··· Available data ···

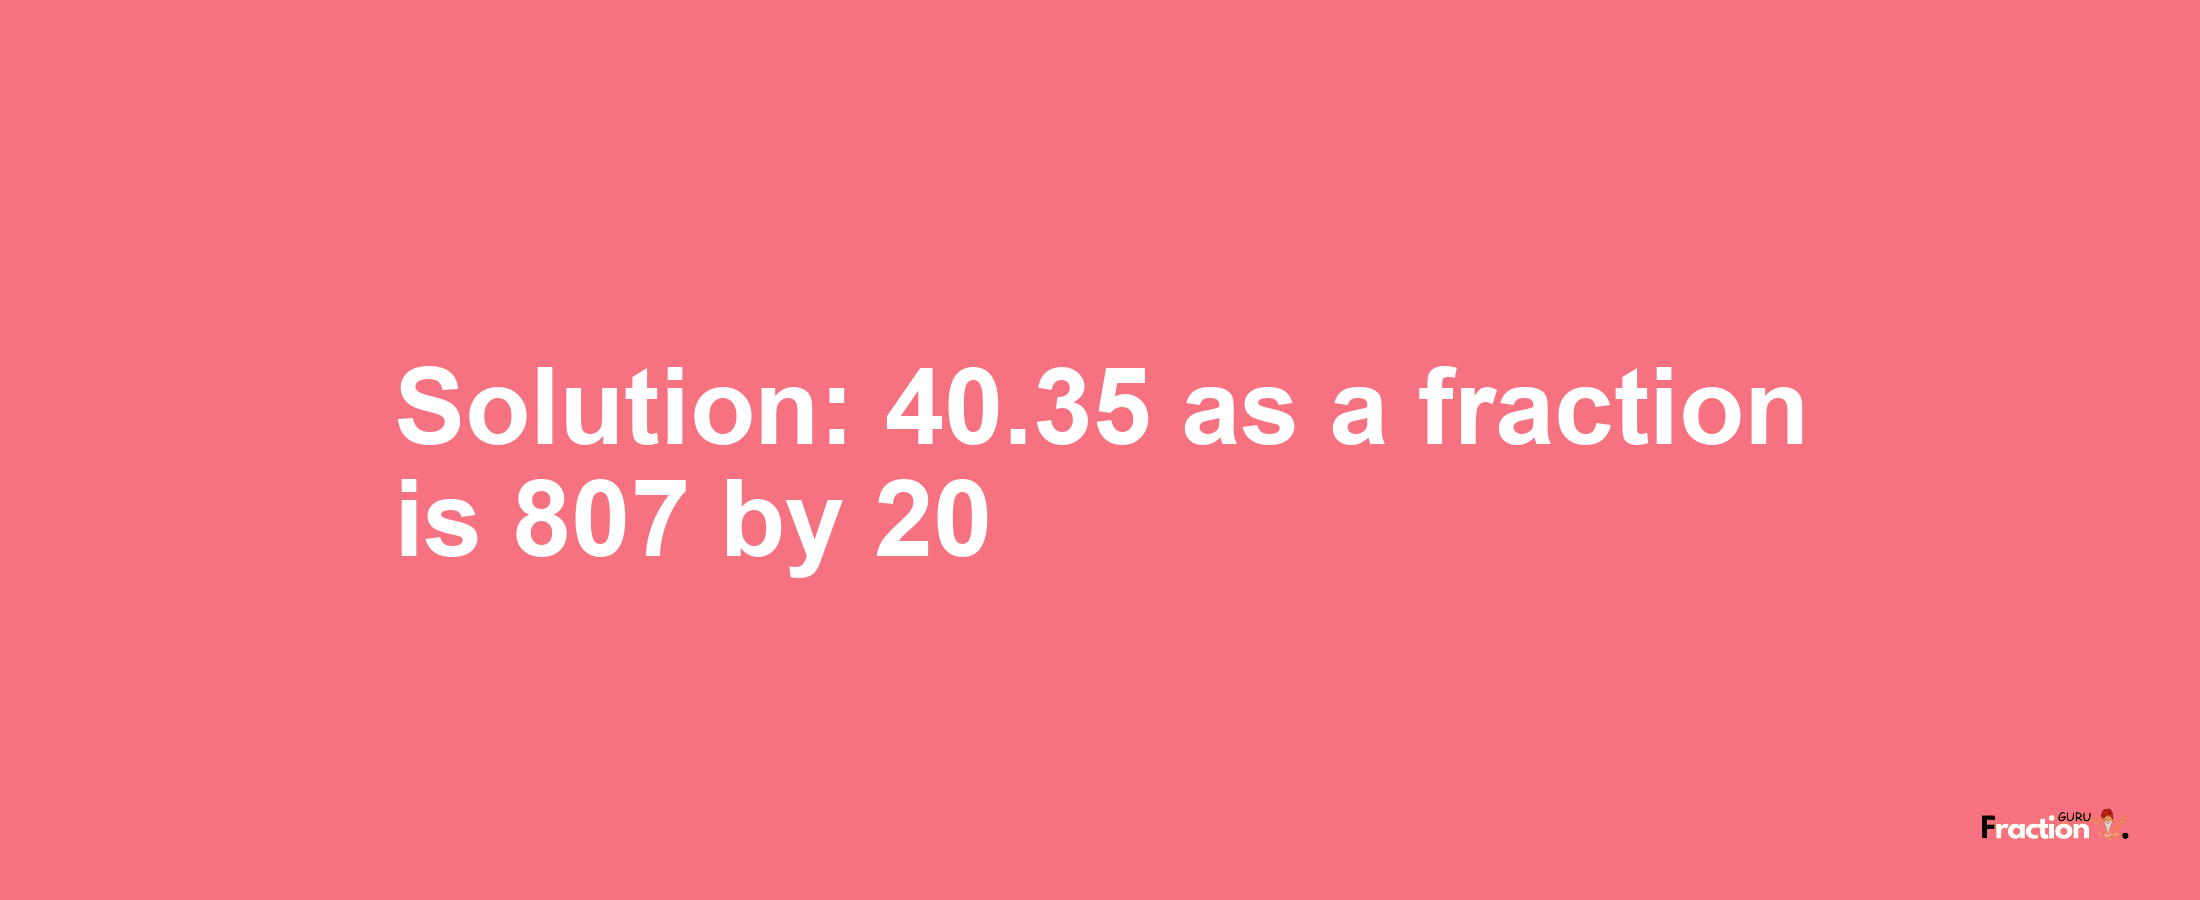 Solution:40.35 as a fraction is 807/20
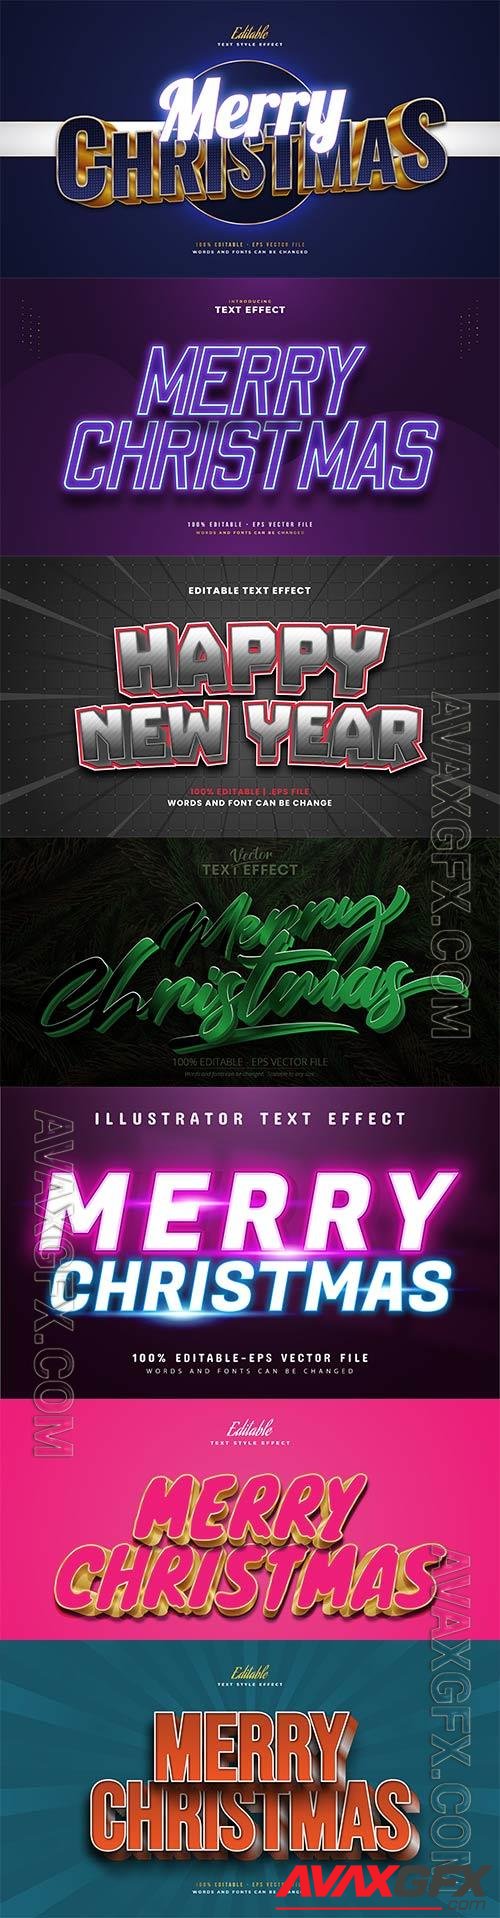 Merry christmas and happy new year 2022 editable vector text effects vol 29
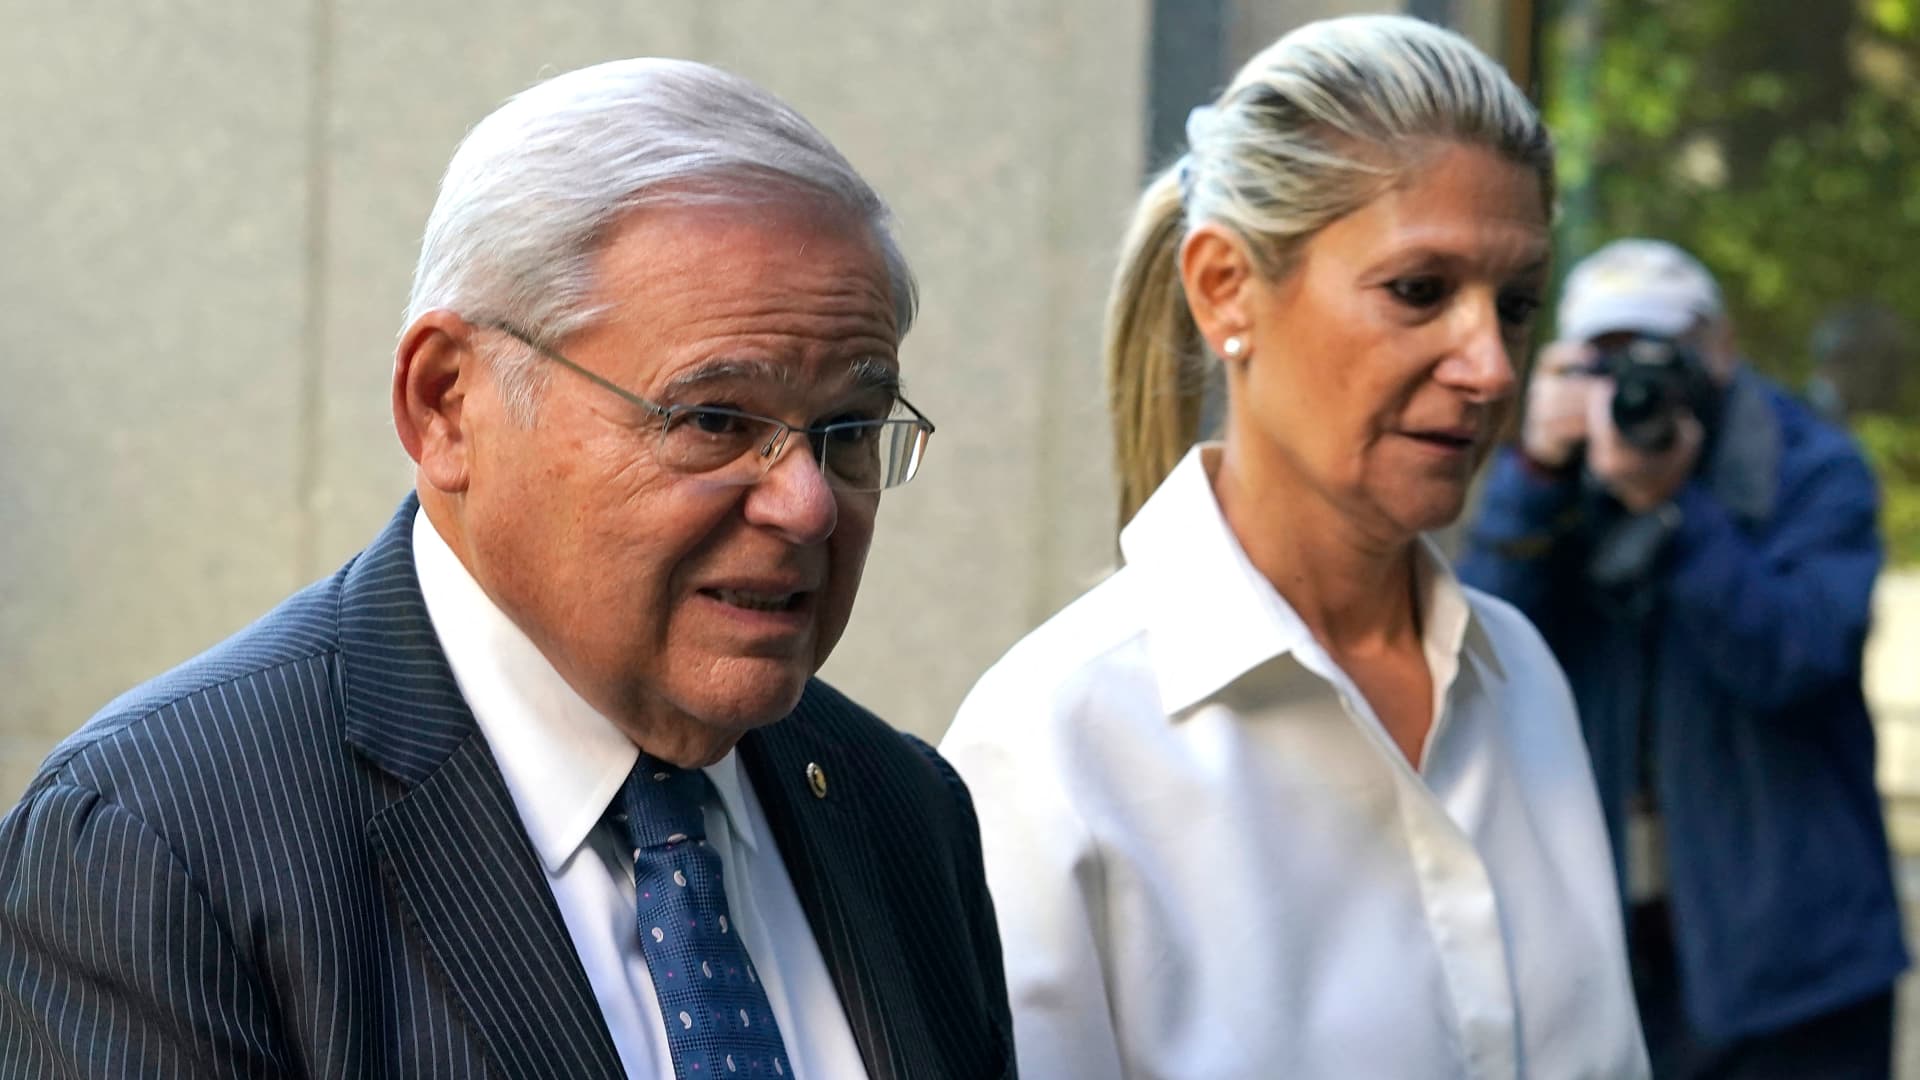 Sen. Menendez’s wife has breast cancer, he reveals at corruption trial [Video]
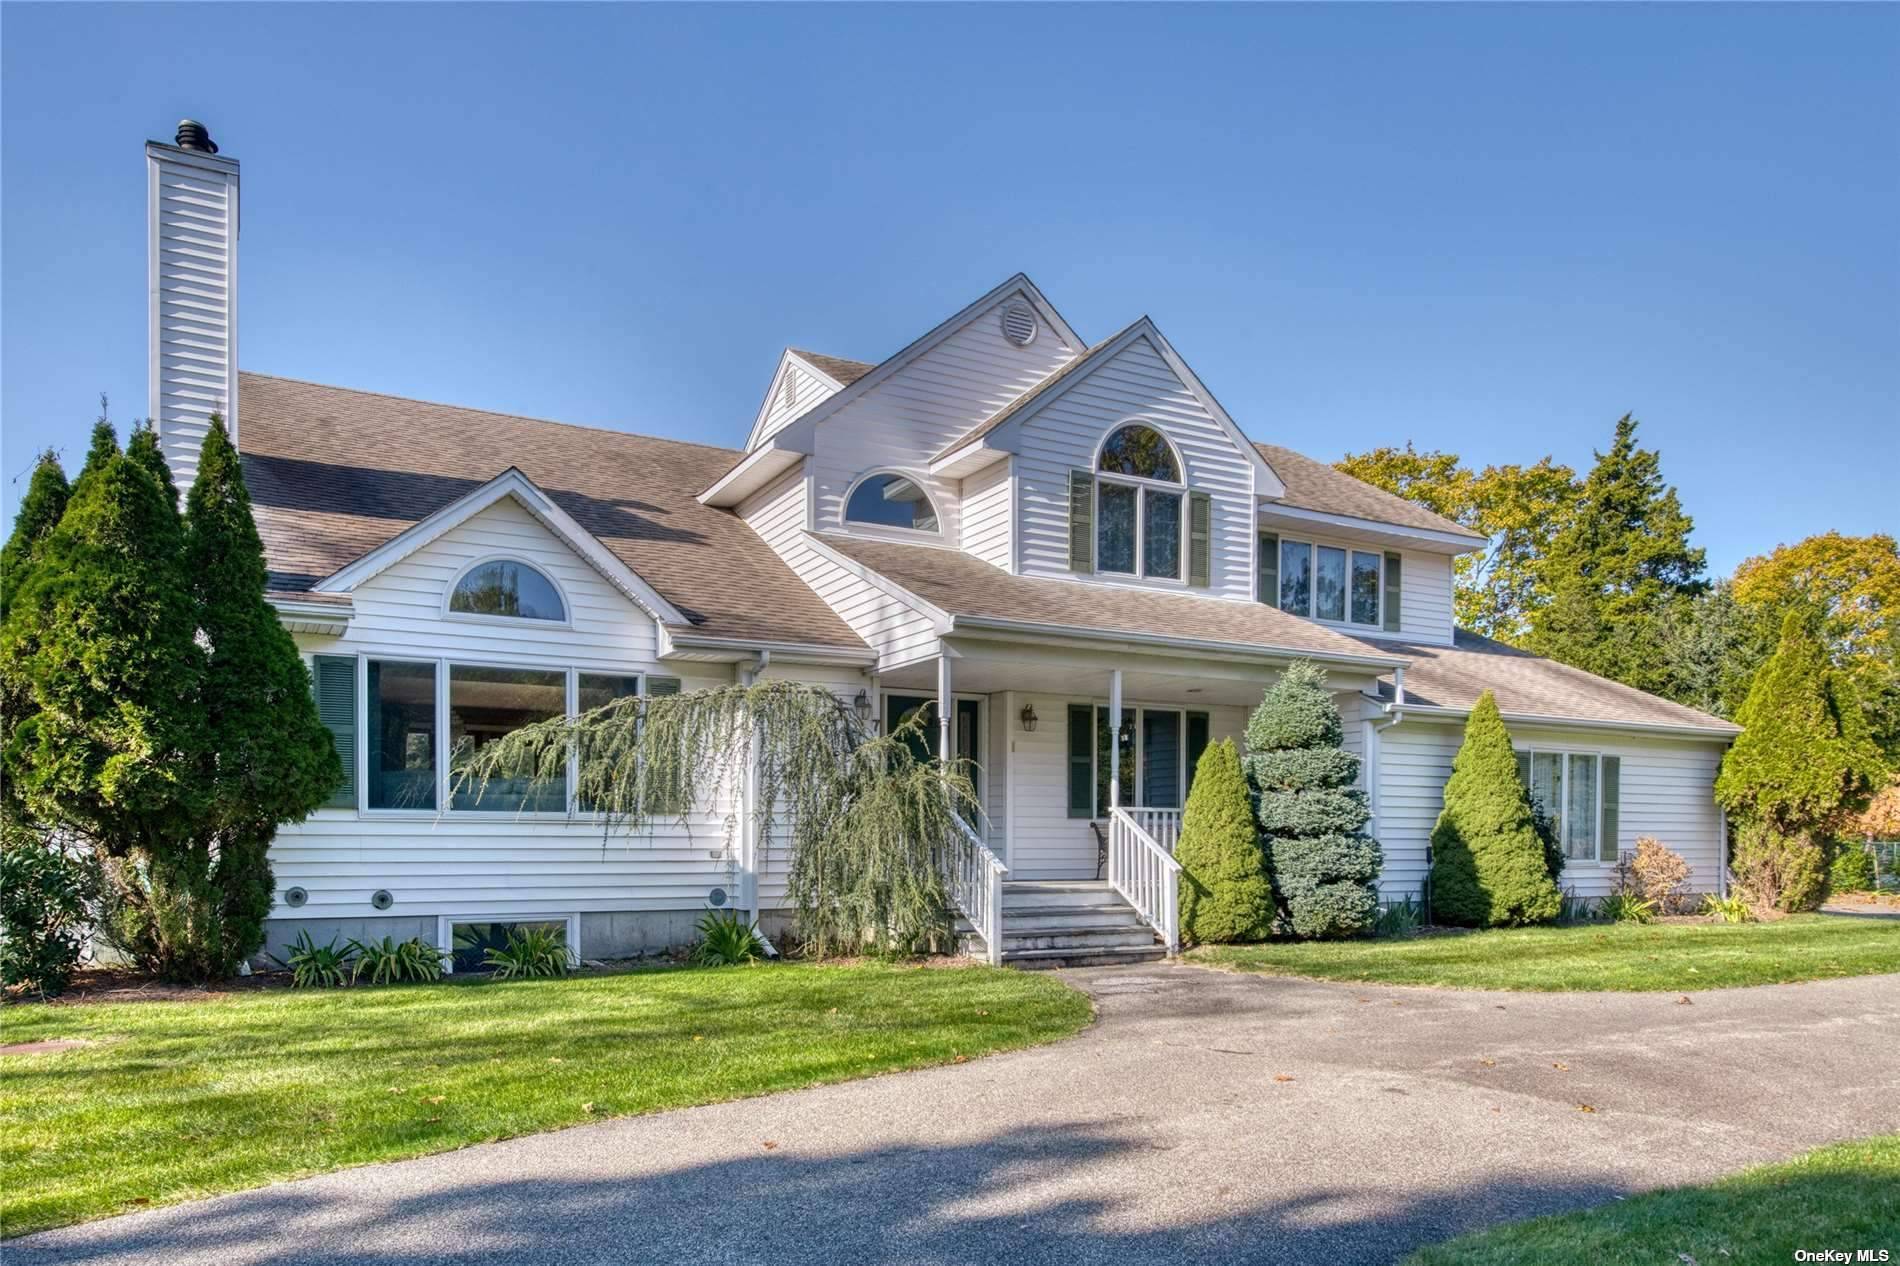 Enjoy your summer in Westhampton in this spacious 5 bedroom, 3 1 2 bath home perfect for entertaining, both indoors or out.

···

Exercise aim:
Only the lines from the one containing "Merry christmas and" through the end of the listing above should be reproduced, exactly as they stand. Leave the pictures out.

Solved exercise:
 Merry christmas and happy new year 2022 editable vector text effects vol 29
 Sen. Menendez’s wife has breast cancer, he reveals at corruption trial [Video]
 Enjoy your summer in Westhampton in this spacious 5 bedroom, 3 1 2 bath home perfect for entertaining, both indoors or out.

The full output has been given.